Best Locations to be Out of a Job

By Lane Wallace
May 14 2009, 1:55 PM ET Comment

"Location, Location, Location," is the time-tested Rule #1 (and #2 and #3) for real estate dealings. A good location is the bottom-line determiner of real estate value. But what constitutes "good"? While real estate agents tend to focus on factors such as low crime, neighborhood aesthetics, good schools, and access to commerce, there are other factors ... especially in a recession, or if you have a creative or entrepreneurial bent. I'm putting those three categories together because they all share a central trait: the potential of being without a steady paycheck or job. 

In terms of pure economic considerations, everyone in the U.S. is at a disadvantage when it comes to getting laid off ... at least when compared to countries with more socialistic bents and stronger safety nets for the unemployed. This list of the best countries in the world to lose your job might prompt some to consider relocation to Scandinavia, cold and dark be damned.  

But this short piece I stumbled across in the New York Times a couple of months ago offers a more nuanced take on the subject. In it, Susan Dominus describes four friends in New York City who'd been laid off, and who had decided to make an independent film with their suddenly spare time. One of them admits, "I would not have done this unless I'd lost everything"--because of both a fear of failure and a simple lack of time. Dominus concludes:

"Even unemployment can feel burnished by the setting. To be an out-of-work artist in New York is to be part of a grand tradition, and that history no doubt helps fuel aspirants like Ms. Major and her friends, who might otherwise succumb to fear of failure." 

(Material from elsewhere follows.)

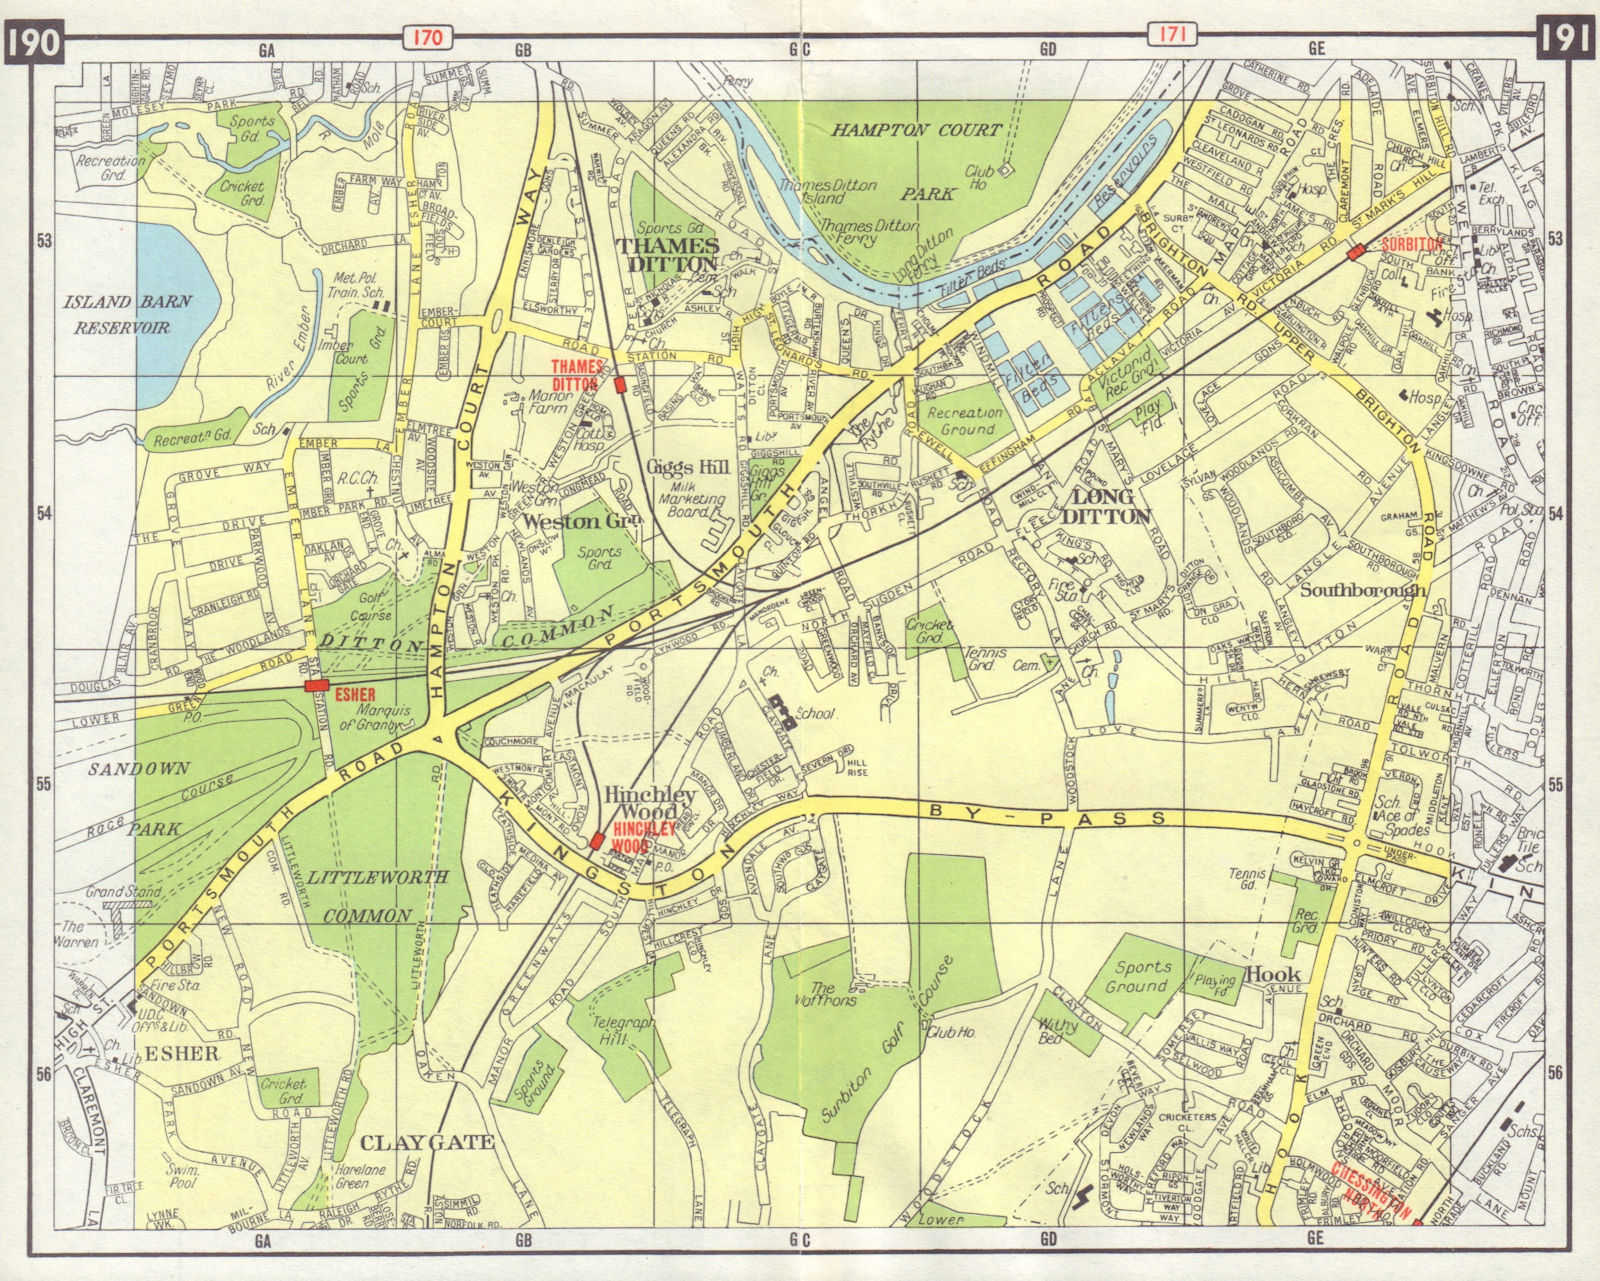 SW LONDON Long/Thames Ditton Hook Hinchley Wood Claygate Esher Surbiton 1965 map
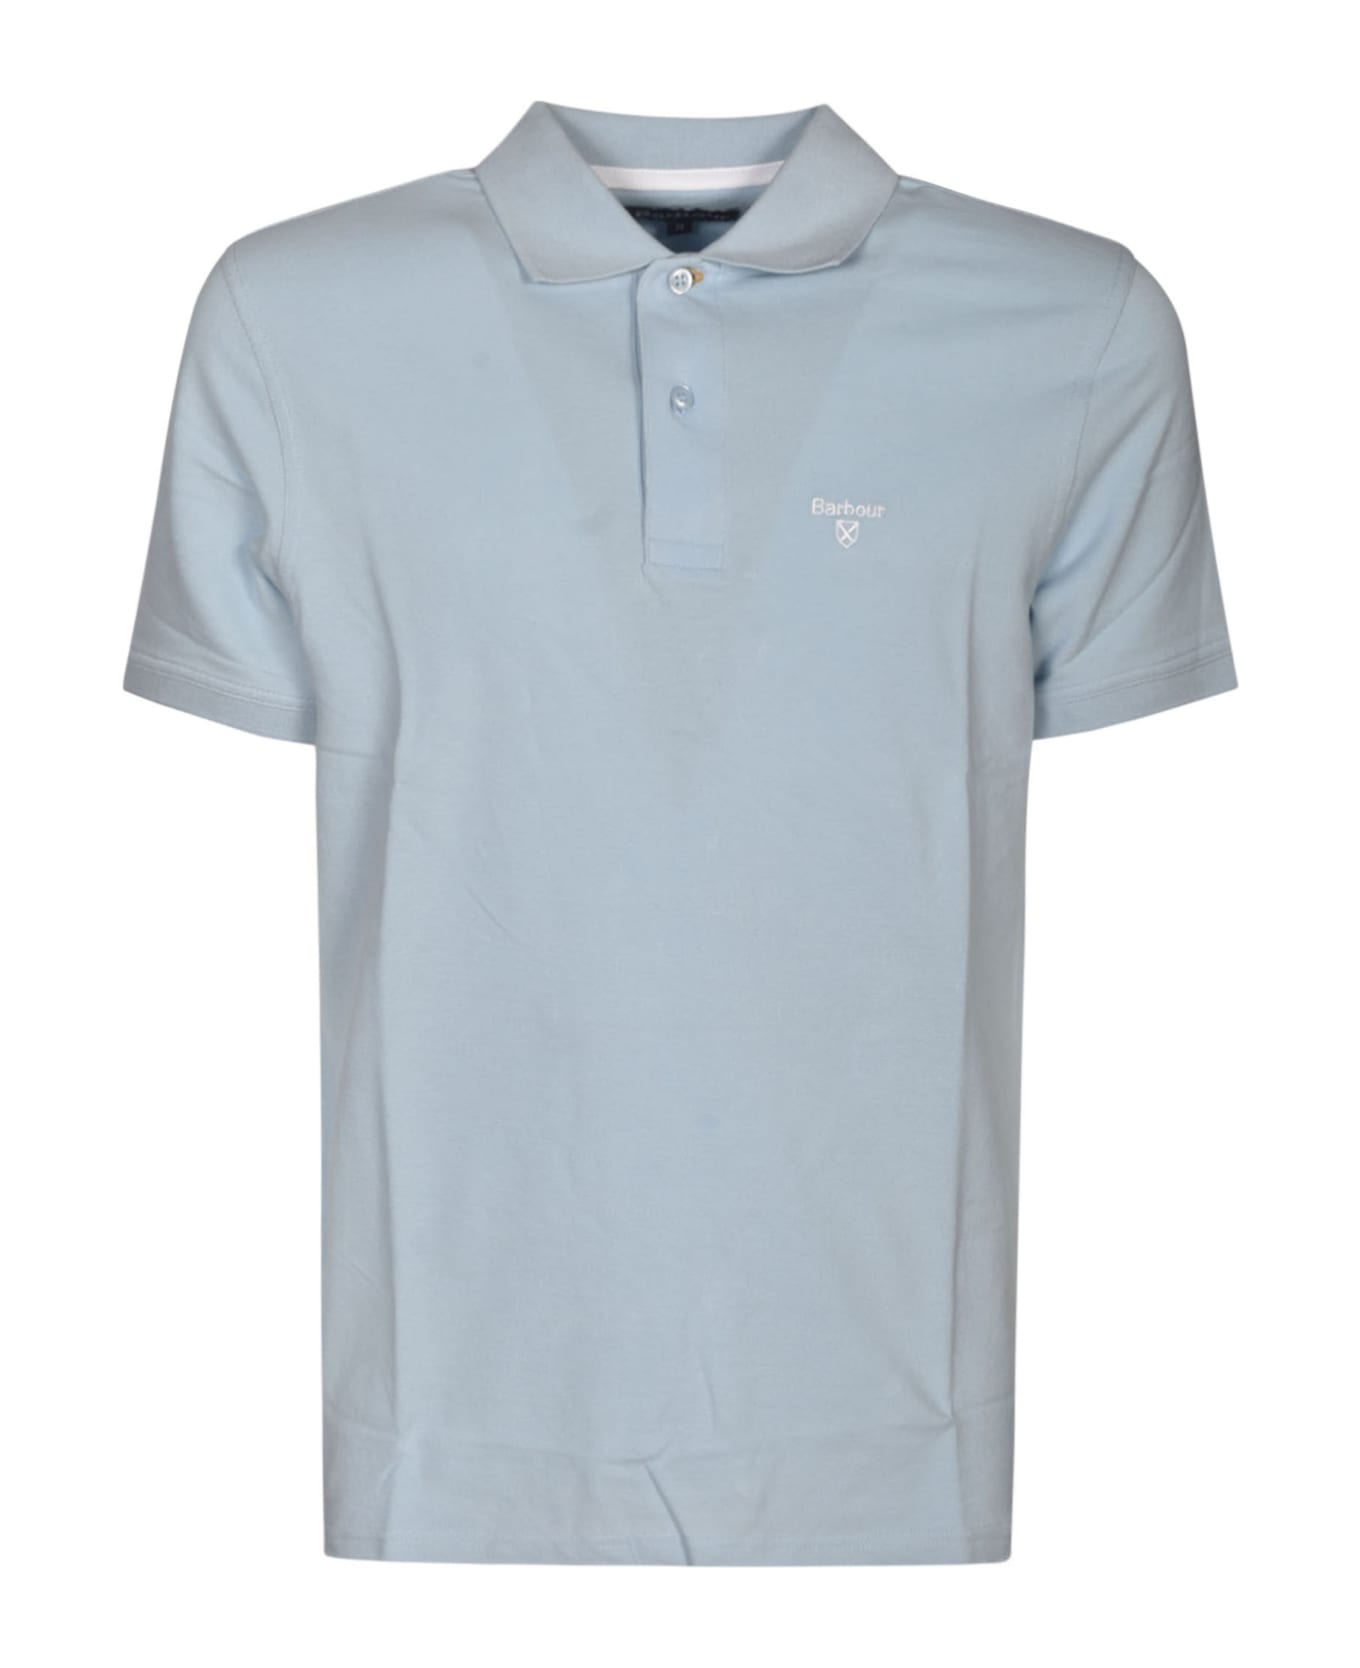 Barbour Lightweight Polo Shirt - Chambray blue

On the one hand, places like New York City, Los Angeles, and (for more technically-oriented creative types) Silicon Valley, are obscenely expensive places in which to live. Which means doing a start-up or trying to make a living there as a freelance artist is far tougher financially than, say, in rural Minnesota. But location does matter--not only for moral support, but also in terms of finding other people with more fluid lives to provide bits-and-pieces creative and technical support. 

When I first quit my corporate job and set out to be a self-employed writer, I was living in a predominantly blue-collar community in Minnesota. The cost of living was wonderfully low. But getting hit with "when are you going to get a job?" from everyone I met was exhausting. Tell someone in New York or LA that you're a writer, or tell someone in Silicon Valley that you're starting your own company, and the response is far more likely to be, "Wow! That's great! Tell me all about it!" And, quite possibly, the conversation will conclude with, "you know who you might want to talk to ..."   

Every city has a personality, and different places have different predominant norms and values. Low rents and good schools are great. But attempting to be an entrepreneur or artist in the world is tough, and scary. The obstacles are great, the security level is low, and every step is a challenge that has to be figured out without any clear guide as to what the "right" next move is. Having a supportive and nurturing social culture in which to struggle through those challenges ... as well as ready access to more experienced, like-minded explorers ...  is a huge asset. Not only to inherently creative or entrepreneurial types, but also for anyone who's just lost their job. 

Being laid off in New York or LA or Silicon Valley just means you've joined a well-populated club with a long and cherished tradition. Even if you don't want to stay in that club forever, you don't have to be embarrassed to be a part of it. That counts for a lot. And it might just open up doors to a new career that, like Ms. Major, you never otherwise would have tried.